We were taught that comments are a "code smell" (Uncle Bob told us so). We were taught that if you need to explain it, you failed to name it properly. We were taught to DRY (Don't Repeat Yourself) everything into oblivion.
But in 2024, the game changed. You aren't just writing code for your future self or your colleagues anymore. You are writing code to be consumed, understood, and extended by an AI Agent.
The AI doesn't care about your clever one-liners. It cares about Context. Here is what you need to unlearn.
The Old Way: Comments explain why something happens because the how should be obvious. The AI Way: Comments are Prompts.
If you use GitHub Copilot or Cursor, you’ve realized that the comment is no longer passive text. It is a functional specification. Writing a detailed comment is the fastest way to get the AI to generate the implementation you want.
But there is a trap. AI tends to over-comment, generating noise like // increments i by 1. This is garbage.
The new best practice is Context Injection. You use comments to constrain the AI's probabilistic nature.
// BAD: The "Old School" minimalist style // Validates the user public boolean isValid(User u) { return u.getAge() > 18 && u.isActive(); } // GOOD: The "AI-Ready" style // Validates user for Premium Tier eligibility. // RULES: // 1. Must be 21+ (legal requirement for this feature) // 2. Account must be in 'ACTIVE' or 'GRACE_PERIOD' state // 3. Must not have any flagging history in the last 90 days. public boolean isEligibleForPremium(User user) { // If you type the comment above, Copilot will generate this accurately: if (user.getAge() < 21) return false; if (user.getStatus() != Status.ACTIVE && user.getStatus() != Status.GRACE_PERIOD) return false; return !auditService.hasFlags(user.getId(), Duration.ofDays(90)); }
The Takeaway: Don't delete comments. Upgrade them. A good comment defines the boundaries of the logic so the AI doesn't hallucinate edge cases.
The Old Way: Short is sweet. ctx, usr, repo. The AI Way: Semantic density wins.
LLMs work on probability. They guess the next token based on the previous ones. If you name a variable data, the AI has to guess what's inside. It might guess String, Map, or List.
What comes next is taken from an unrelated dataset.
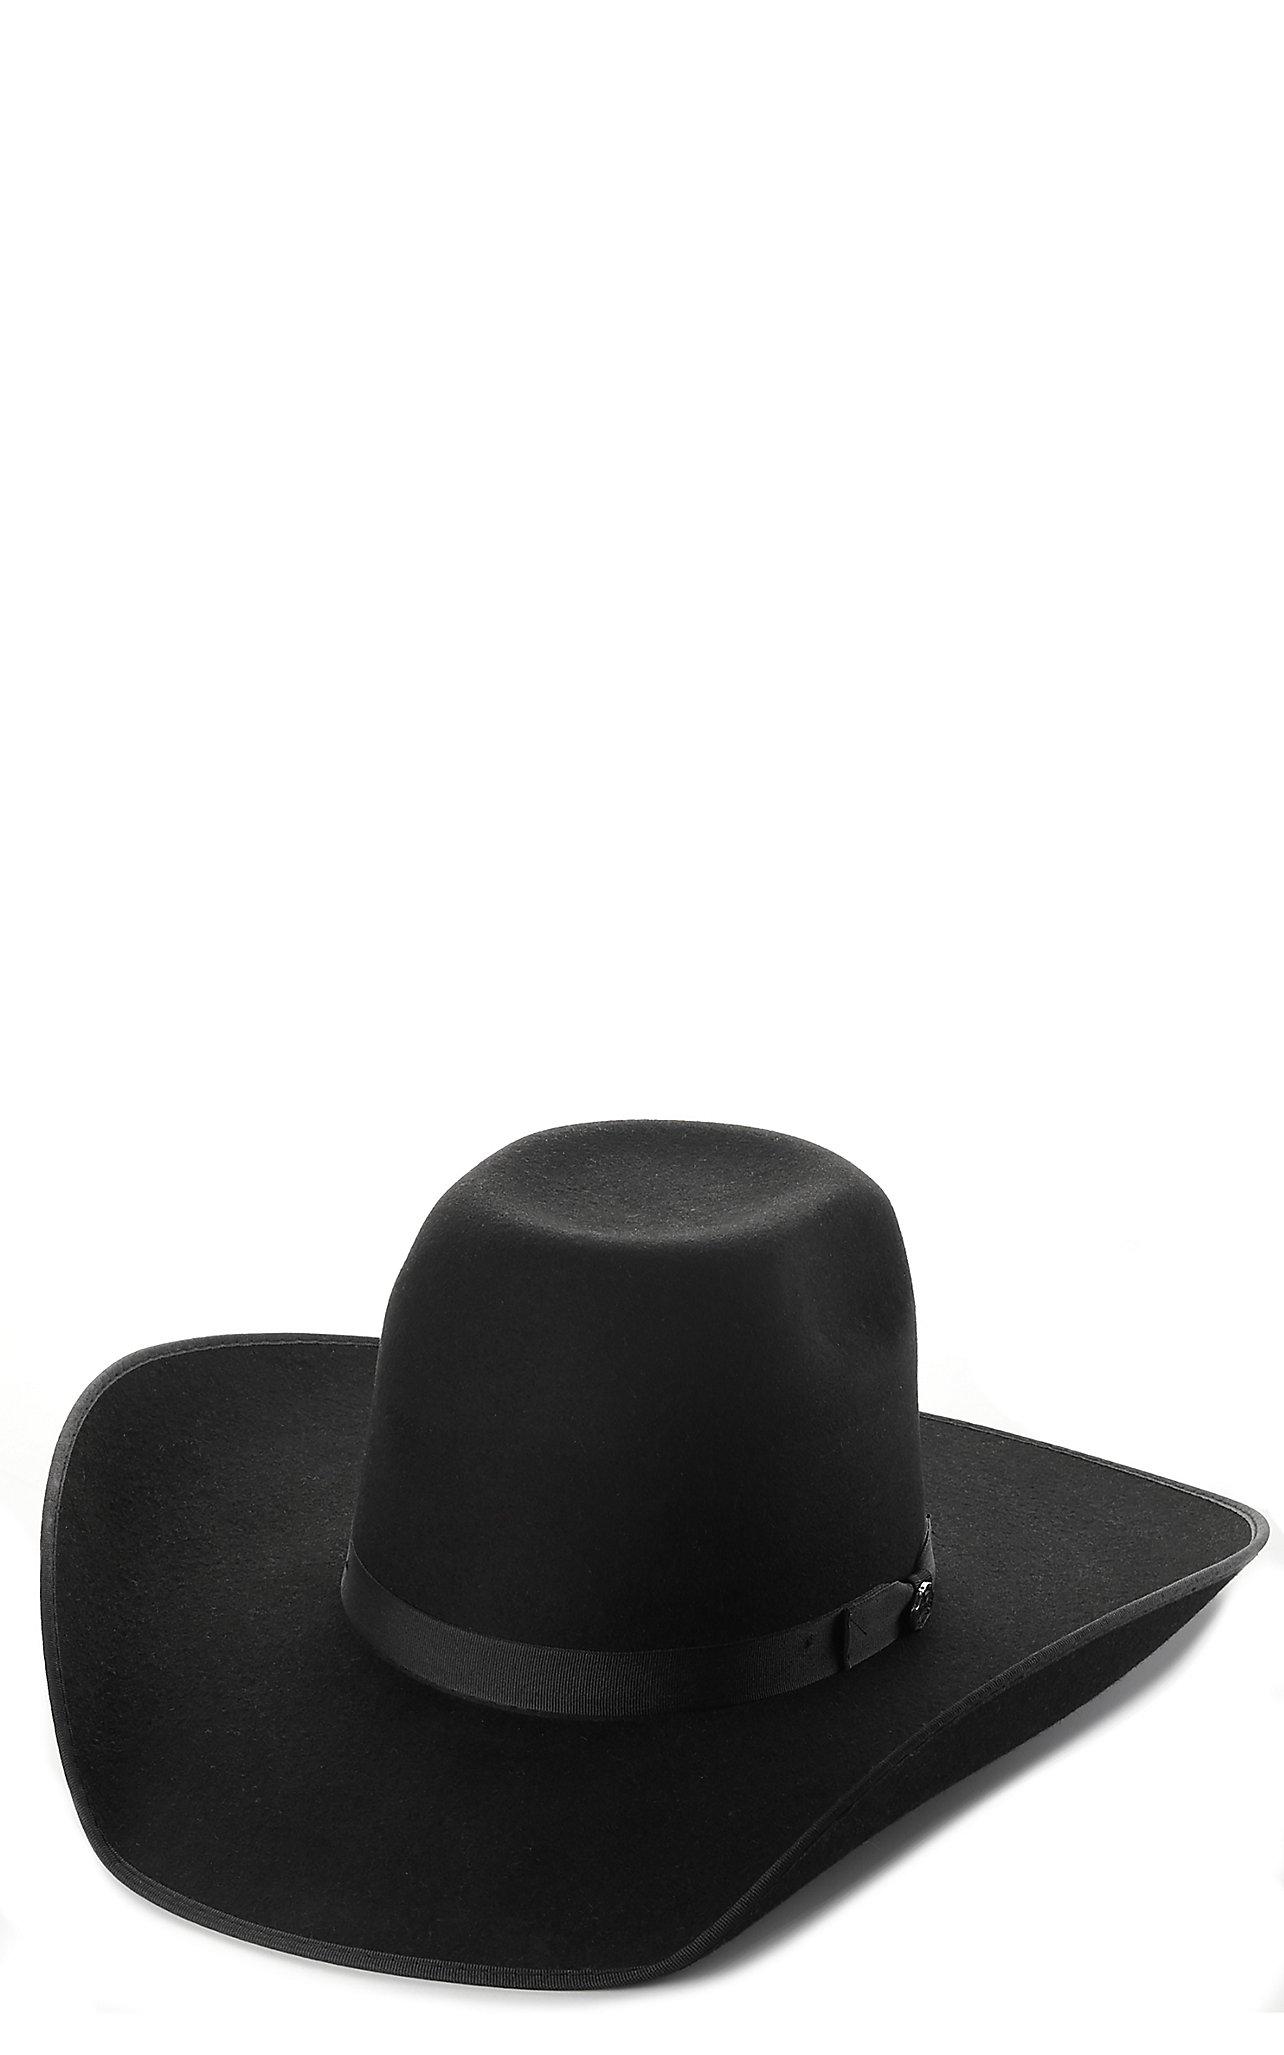 8f67c24bea9 Cavender s Cowboy Collection 3X Black Bull Rider Crown Premium Wool Cowboy  Hat

If you name it pendingTransactionList, the AI knows exactly what methods to call on it (.stream().filter(Tx::isPending)...).
Ambiguous naming leads to AI Hallucinations. If you name a method process(), the AI will invent what "processing" means. If you name it validateAndPersistOrder(), the AI will likely generate validation logic followed by a database save.
The New Rule: optimize for Predictability, not Brevity.
The Old Way: DRY (Don't Repeat Yourself). Abstract everything into base classes and interfaces. The AI Way: AHA (Avoid Hasty Abstractions) / Locality of Behavior.
This is the biggest shift. Deep inheritance hierarchies and extreme modularity hurt AI performance.
Why? The Context Window.
When an AI agent tries to fix a bug in OrderService.java, it reads that file. If OrderService extends BaseService, which extends AbstractEntityService, which implements GenerericCrudInterface, the AI has to retrieve and reason about four different files just to understand one method.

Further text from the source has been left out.